How the Lockdown Drove a Workforce on the Margins to Further Alienation

An incisive report highlights how a substantial workforce of 139 million internal migrant workers, invisible to the system, has been the hardest hit post-lockdown. Further, it lists the urgent measures needed to ensure a safe and dignified existence for migrant communities.

In the first few days of the nationwide lockdown imposed in India to deal with the challenges of the COVID-19 pandemic, there was one recurring image that burst through the television screens in all its starkness – an unending procession of migrant workers deprived overnight of work, shelter and money, marooned in cities, facing hunger and health risks; and leaving the city to go to their villages.

Trudging long distances with their families – men carrying young children on their shoulders, the women with their meagre belongings hoisted on their heads – for all bus and train services stood cancelled.

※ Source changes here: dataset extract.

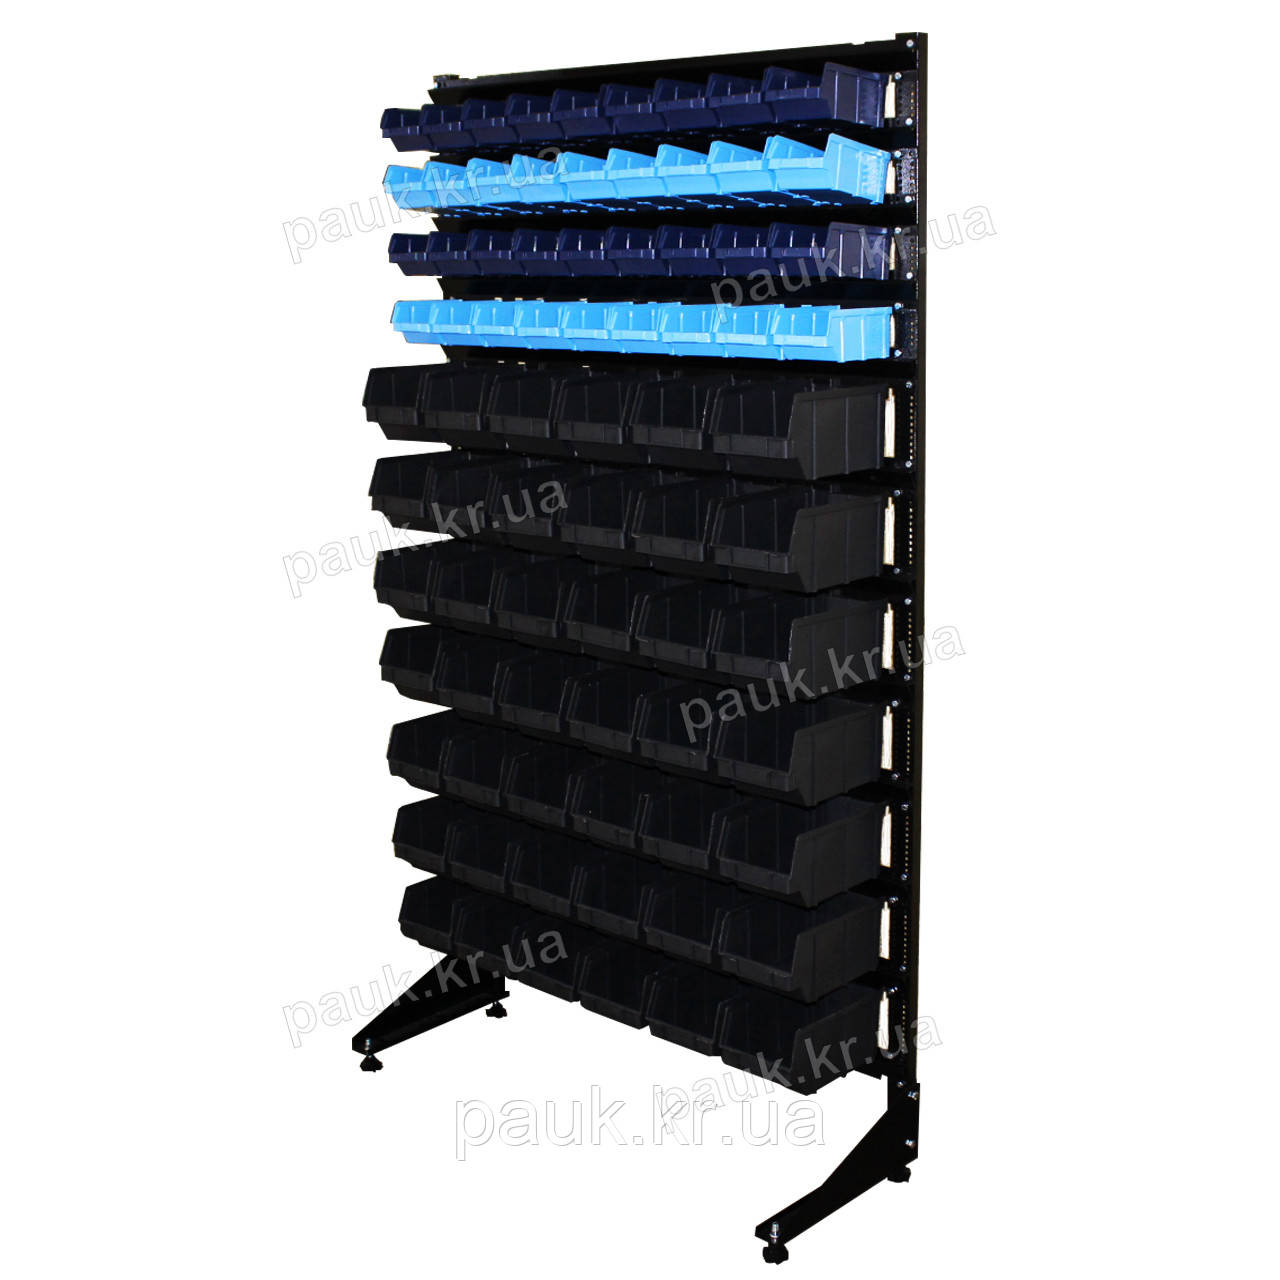 Торговая стойка с ящиками 1800 мм 78 ящика, стеллаж метизный односторонний В/С

Going without food for long stretches, often risking the ire of policemen who preferred to speak through their lathis, with no relief in sight, they have been reduced to the status of detritus.

And even though Union Finance Minister Nirmala Sitharaman announced an economic package for the poor and migrant populations and various state governments also announced relief measures, in reality there is scant relief for internal migrant workers.  Although they comprise a substantial segment of the workforce – 139 million people, no less – they are invisible to the system. Left out of the equation, internal migrant workers are the hardest hit in the current lockdown situation, states a sharply articulated document brought out by the Udaipur-based public service initiative, Aajeevika Bureau, and the collective, Working People’s Charter.

The ‘Charter of demands for internal migrant workers during COVID-19 pandemic’ describes in detail the extent to which the existing vulnerabilities of the “poorest and most vulnerable economic categories in the country” have been exacerbated.

More than that, it sets out the measures urgently needed to ensure “safe and dignified lives for migrant communities in the wake of the pandemic” – measures to be taken in urban and industrial areas where migrants work and  in rural, migrant-sending areas and, importantly, measures that the central government needs to  take.

The text of the document has been reproduced below.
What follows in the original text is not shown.